PROVIDED MATERIAL
---------------
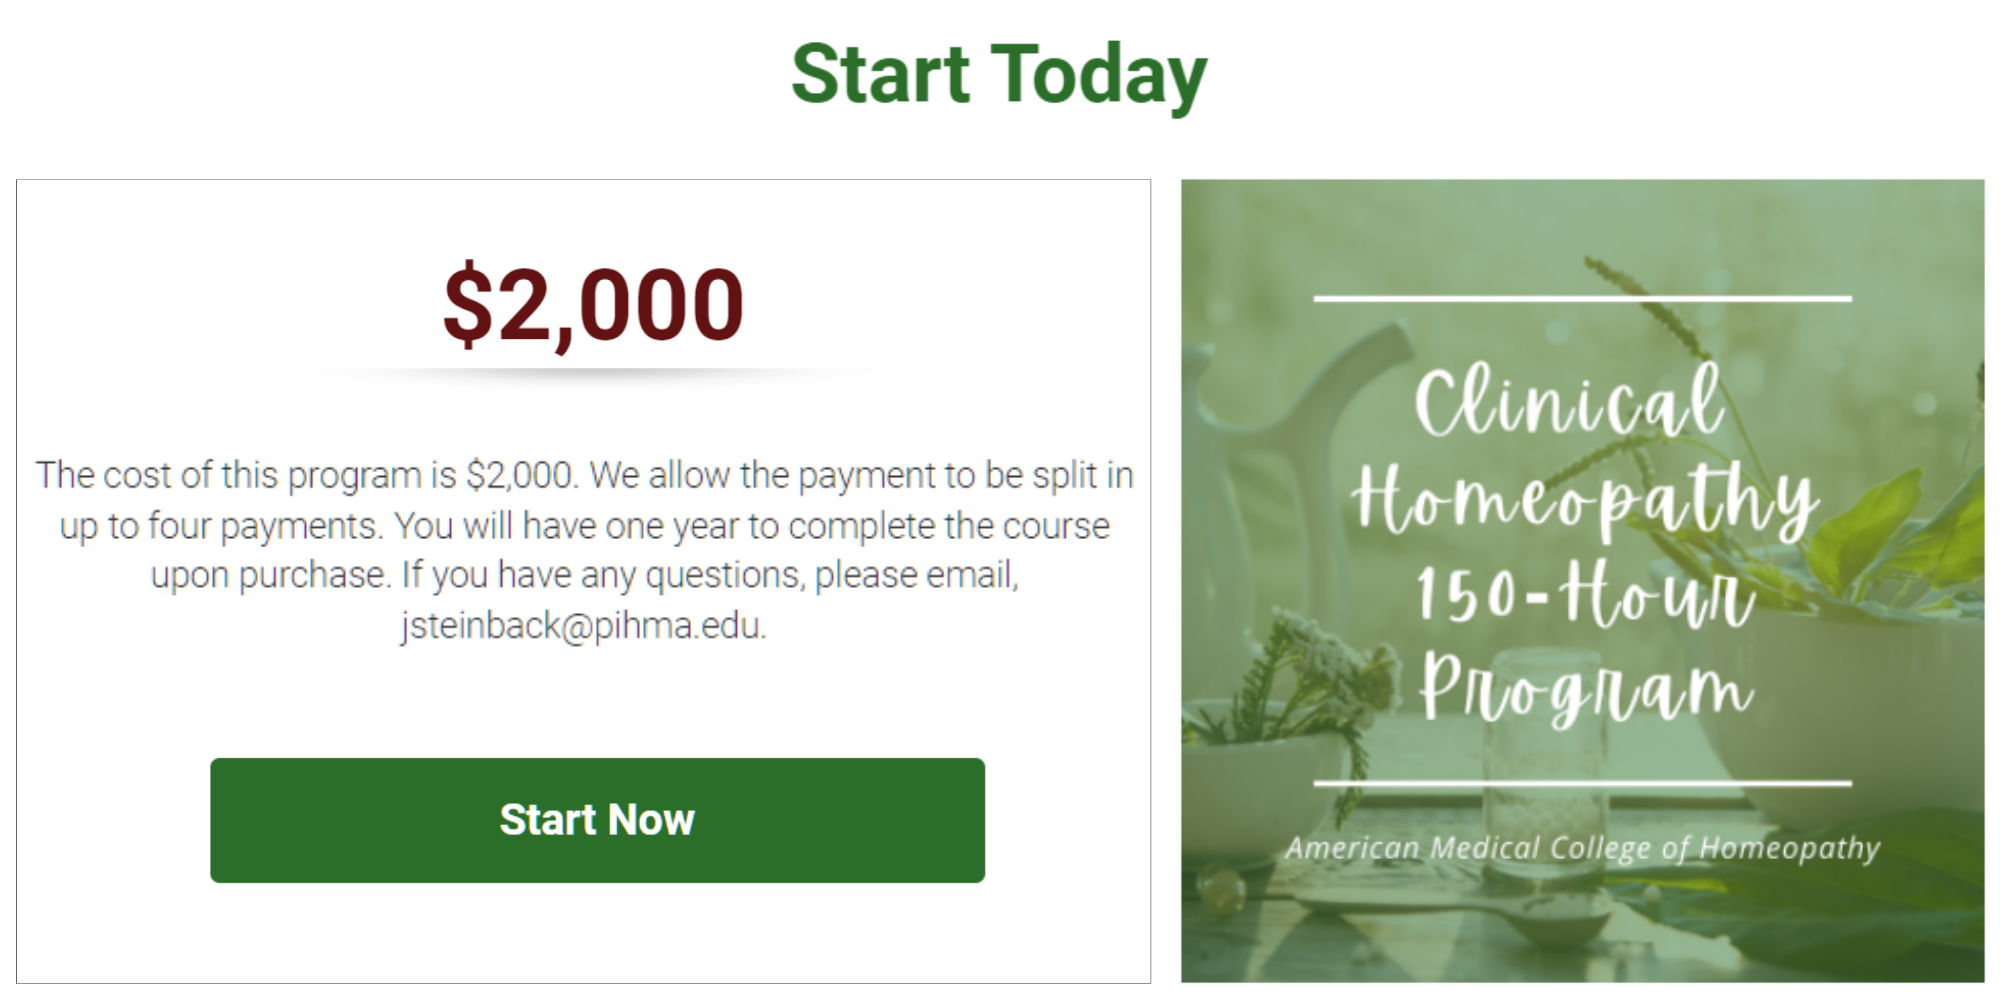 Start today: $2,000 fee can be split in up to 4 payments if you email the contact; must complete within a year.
---------------
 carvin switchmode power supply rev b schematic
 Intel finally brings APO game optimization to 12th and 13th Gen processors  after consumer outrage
---------------
WHAT YOU WILL DO
Print, from the entries above, the line with "carvin switchmode power", the line with "Intel finally brings" and all lines between them, exactly and with nothing else.

ANSWER BELOW
 carvin switchmode power supply rev b schematic
 Intel finally brings APO game optimization to 12th and 13th Gen processors  after consumer outrage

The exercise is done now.